GIVEN INFORMATION:
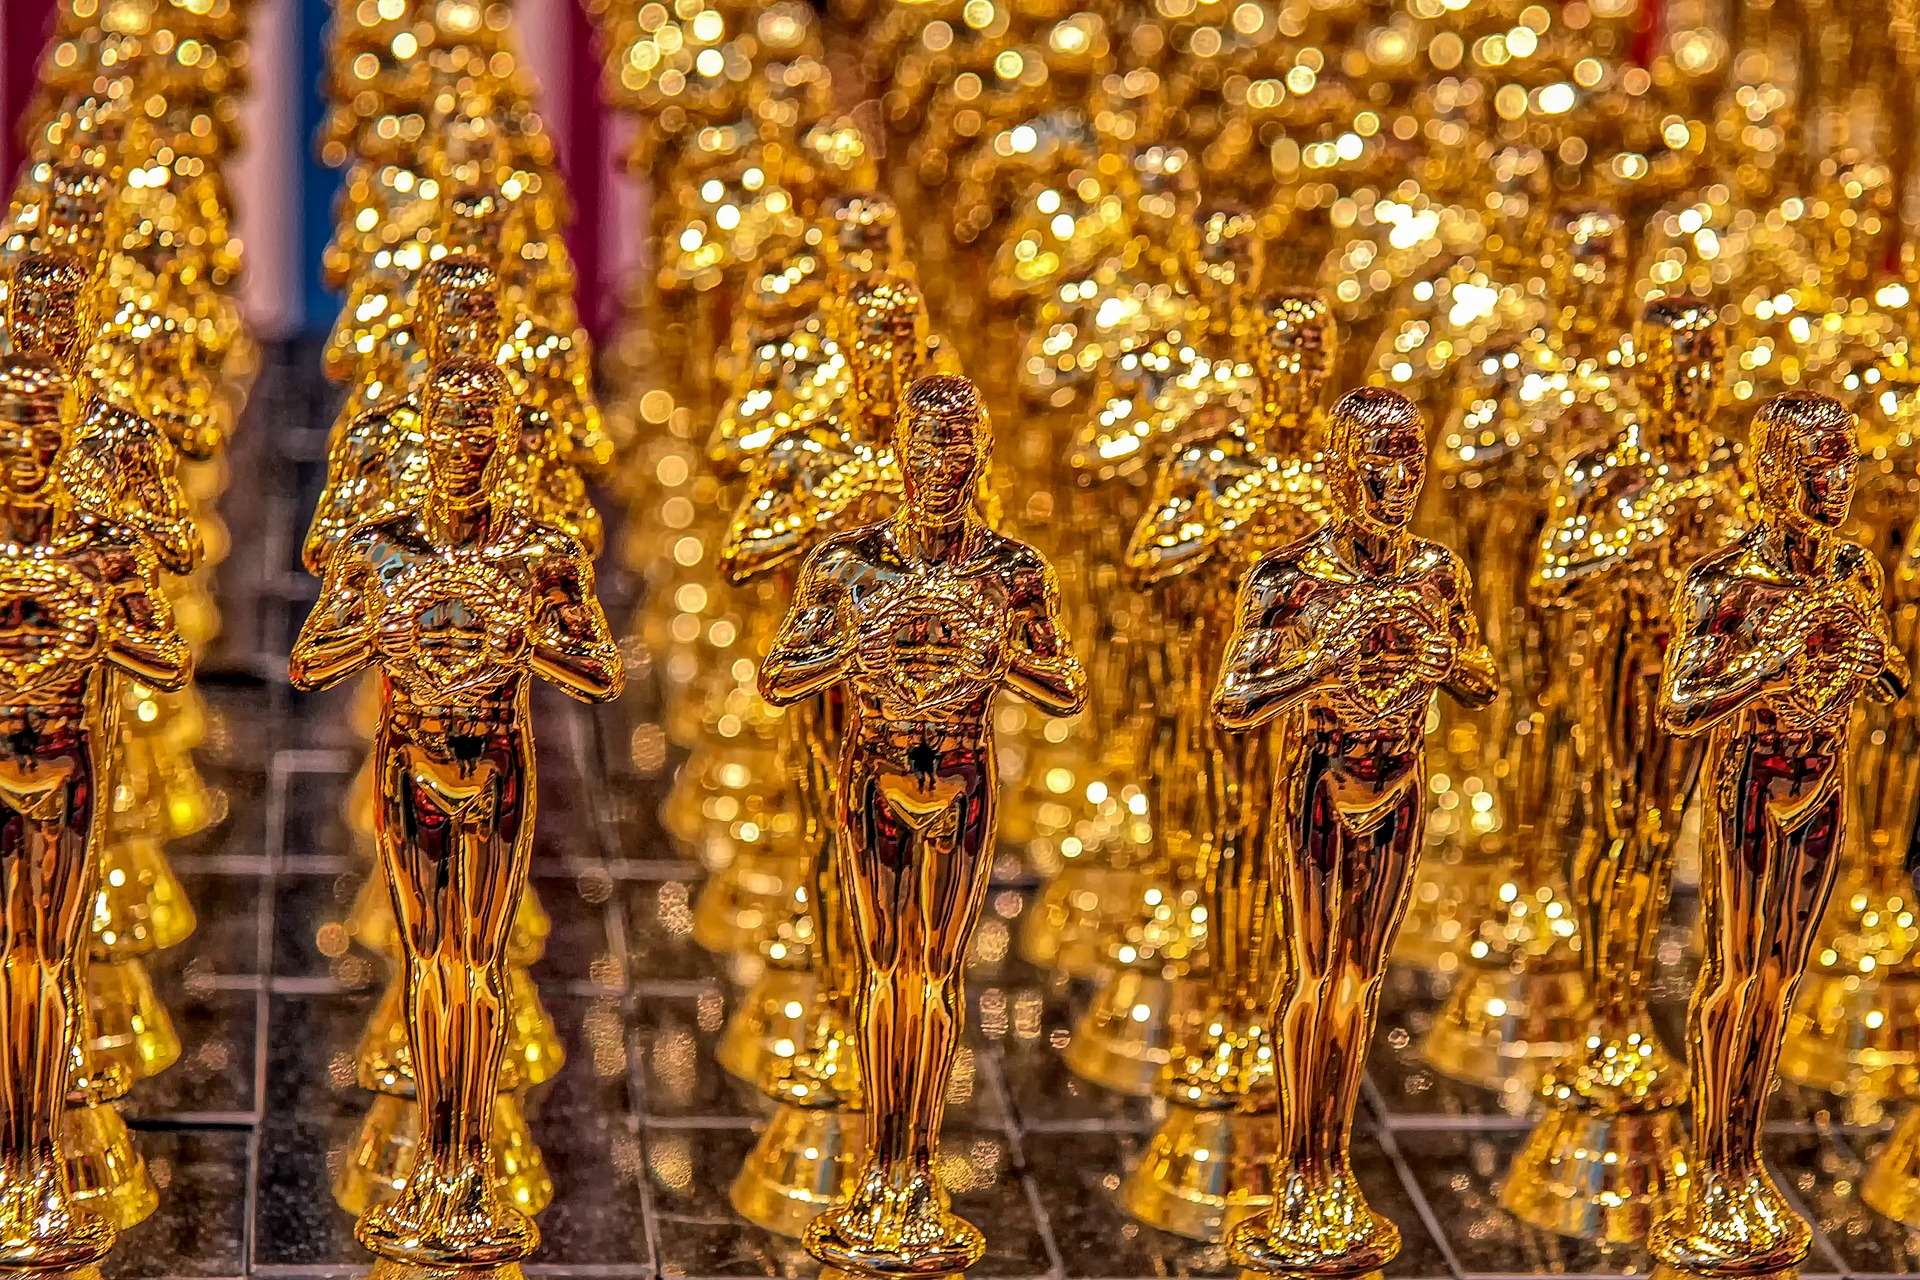 Oscar 2021: dove vedere i film vincitori in streaming
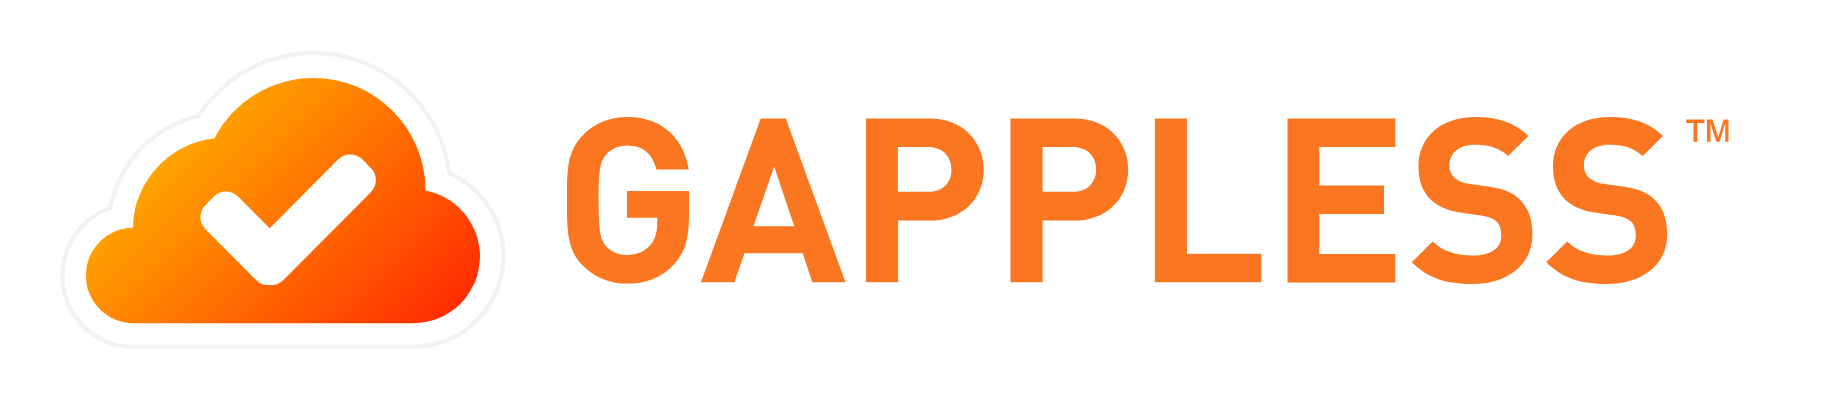 Gappless benoemt CEO-duo voor scale-up fase logo
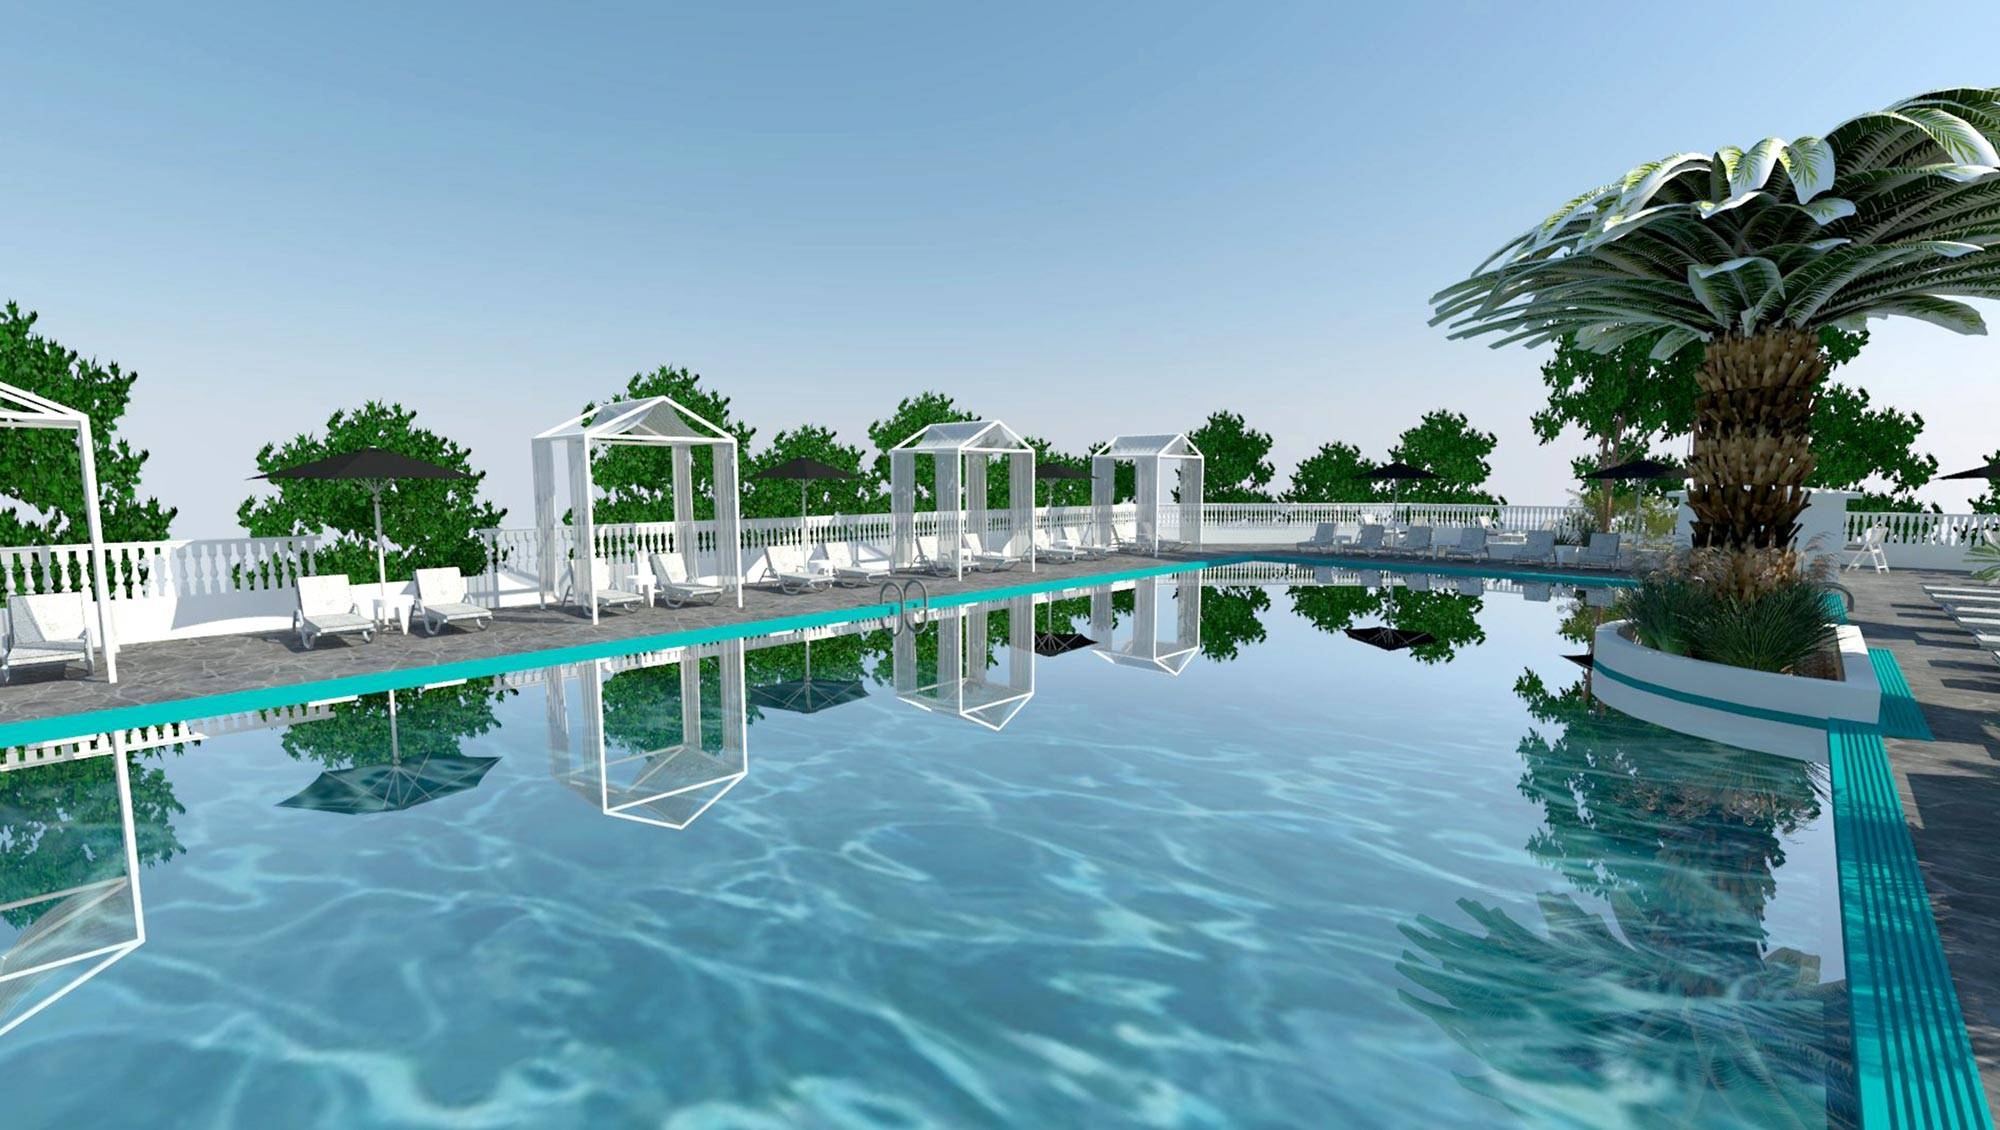 4* Bianco Olympico Beach Resort - Παραλία Βατοπεδίου, Χαλκιδική ✦ -20% ✦ 3 Ημέρες (2 Διανυκτερεύσεις) ✦ 2 άτομα ✦ 12 ✦ 01/06/2022 έως 09/06/2022 και 13/06/2022 έως 18/06/2022 και 13/09/2022 έως 26/09/2022 ✦ Μπροστά στην παραλία!

TASK: Every word of the material, and none of its pictures, should be set down again.

RESPONSE TO THIS EXERCISE:
 Oscar 2021: dove vedere i film vincitori in streaming
 Gappless benoemt CEO-duo voor scale-up fase logo
 4* Bianco Olympico Beach Resort - Παραλία Βατοπεδίου, Χαλκιδική ✦ -20% ✦ 3 Ημέρες (2 Διανυκτερεύσεις) ✦ 2 άτομα ✦ 12 ✦ 01/06/2022 έως 09/06/2022 και 13/06/2022 έως 18/06/2022 και 13/09/2022 έως 26/09/2022 ✦ Μπροστά στην παραλία!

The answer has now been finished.